A spherical mass 'm'is dropped vertically off a building starting from rest and 'y=0'.the mass experience a resistive force 'FR=-bv'.let 'r=b/m'.find the position'y(t)'of mass???
To find the position function, y(t), of the mass dropped vertically off a building and experiencing a resistive force, we can use Newton's second law and solve the resulting differential equation.

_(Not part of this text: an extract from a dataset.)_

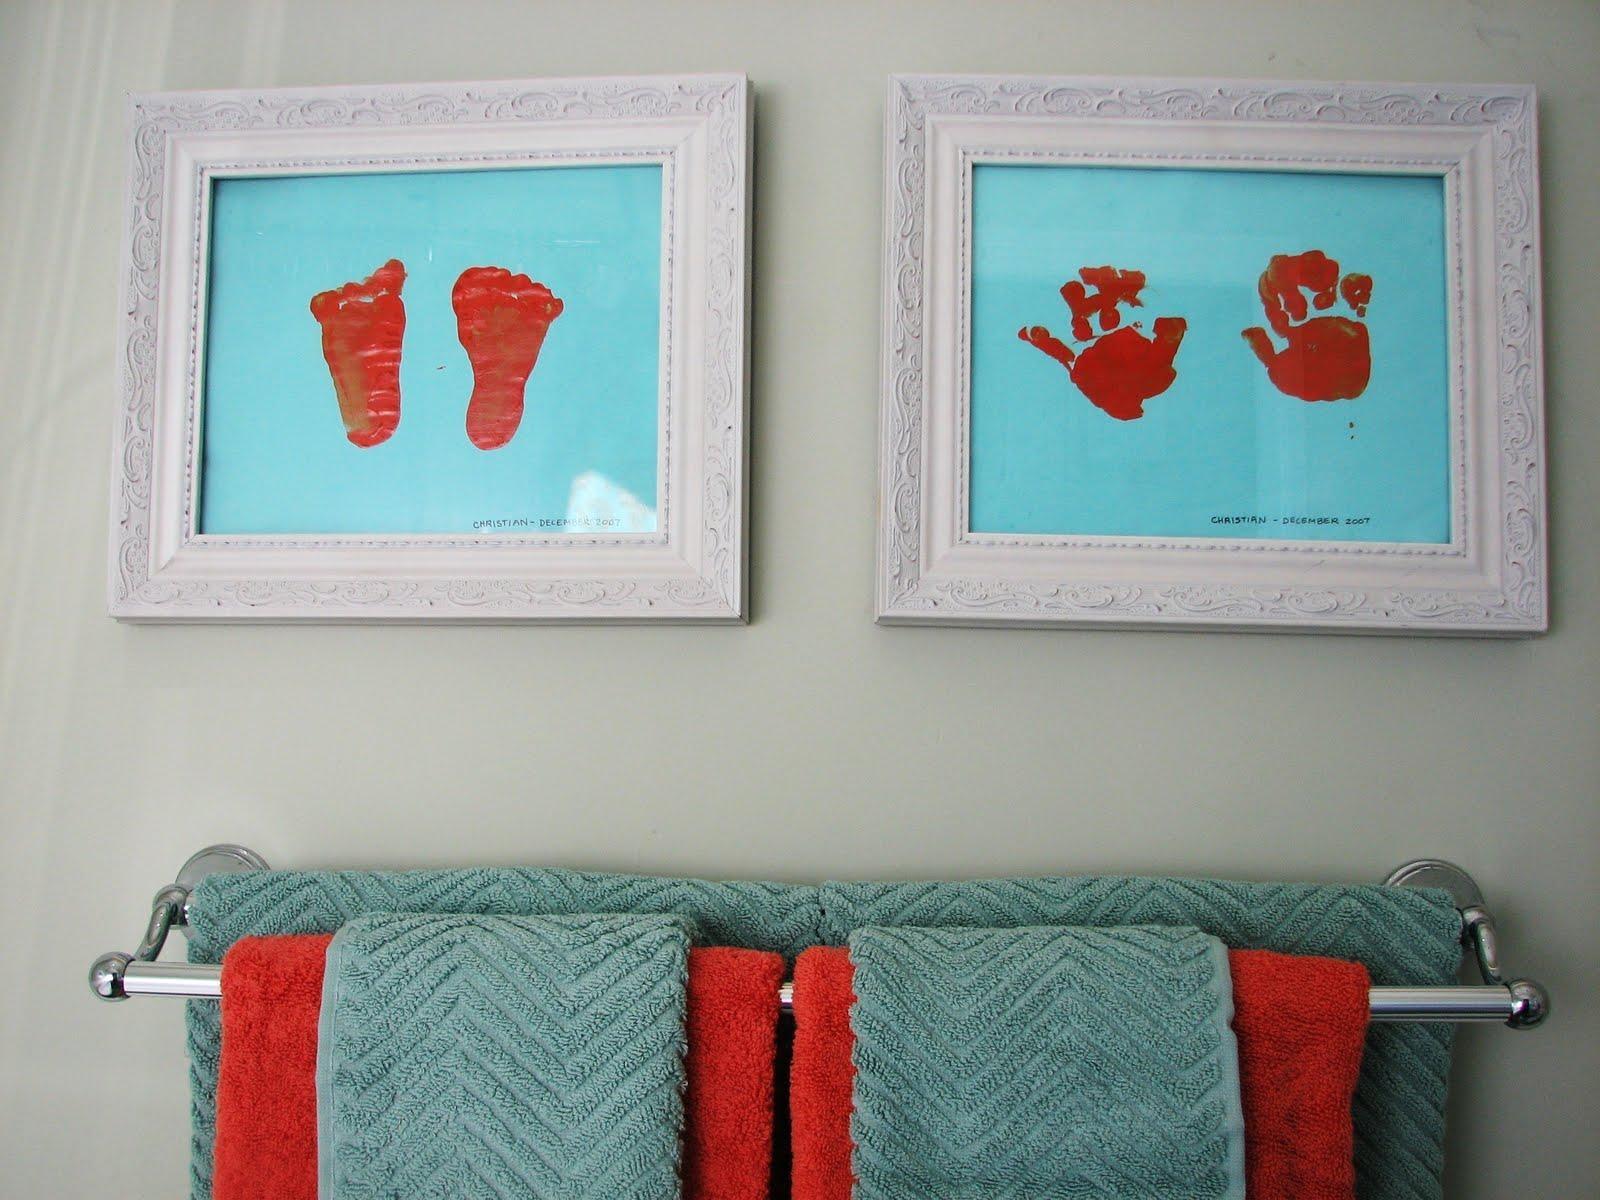 Bathroom Kids Bathroom Wall Art Ideas Kids Bathroom Ideas With For Kids Bathroom Wall Art (Image 3 of 20)

1. Start with Newton's second law equation:
F_net = ma = mg - FR = m(d^2y/dt^2) - bv
2. Rearrange the equation to isolate the second derivative of y with respect to t:
d^2y/dt^2 = (g - bv/m)
3. Since r = b/m, substitute r into the equation:
d^2y/dt^2 = (g - rv)
4. Now, write the equation as a second-order linear homogeneous ordinary differential equation:
d^2y/dt^2 + rv = g
5. To solve this differential equation, we assume a general solution of the form:
y(t) = Ae^(kt) + Be^(-kt)
6. Take the first and second derivatives of this general solution:
dy/dt = Ak*e^(kt) - Bk*e^(-kt)
d^2y/dt^2 = Ak^2*e^(kt) + Bk^2*e^(-kt)
7. Substitute these derivatives into the differential equation and simplify:
Ak^2*e^(kt) + Bk^2*e^(-kt) + rk(Ae^(kt) + Be^(-kt)) = g
8. Cancel out the common exponential terms and simplify:
Ak^2 + Bk^2 + rkA + rkB = g
9. To satisfy this equation, we need the coefficients of like terms to be equal. Therefore:
k^2 + rk = 0
10. Solve for k:
k^2 = -rk
k = ±i√(r)
11. Plug the k value into the general solution:
y(t) = Ae^(i√(r)t) + Be^(-i√(r)t)
12. Since real solutions are sought, we can rewrite the general solution in a trigonometric form:
y(t) = Ccos(√(r)t) + Dsin(√(r)t)
13. Apply the initial conditions to determine C and D. The problem states that the mass is dropped from rest, so its initial velocity is zero and it starts at position y = 0. Plugging these values into the position function gives:
y(0) = Ccos(0) + Dsin(0)
0 = C(1) + D(0)
C = 0
14. Simplify the position function:
y(t) = Dsin(√(r)t)
And that is the expression for the position function, y(t), of the mass as a function of time, considering the resistive force.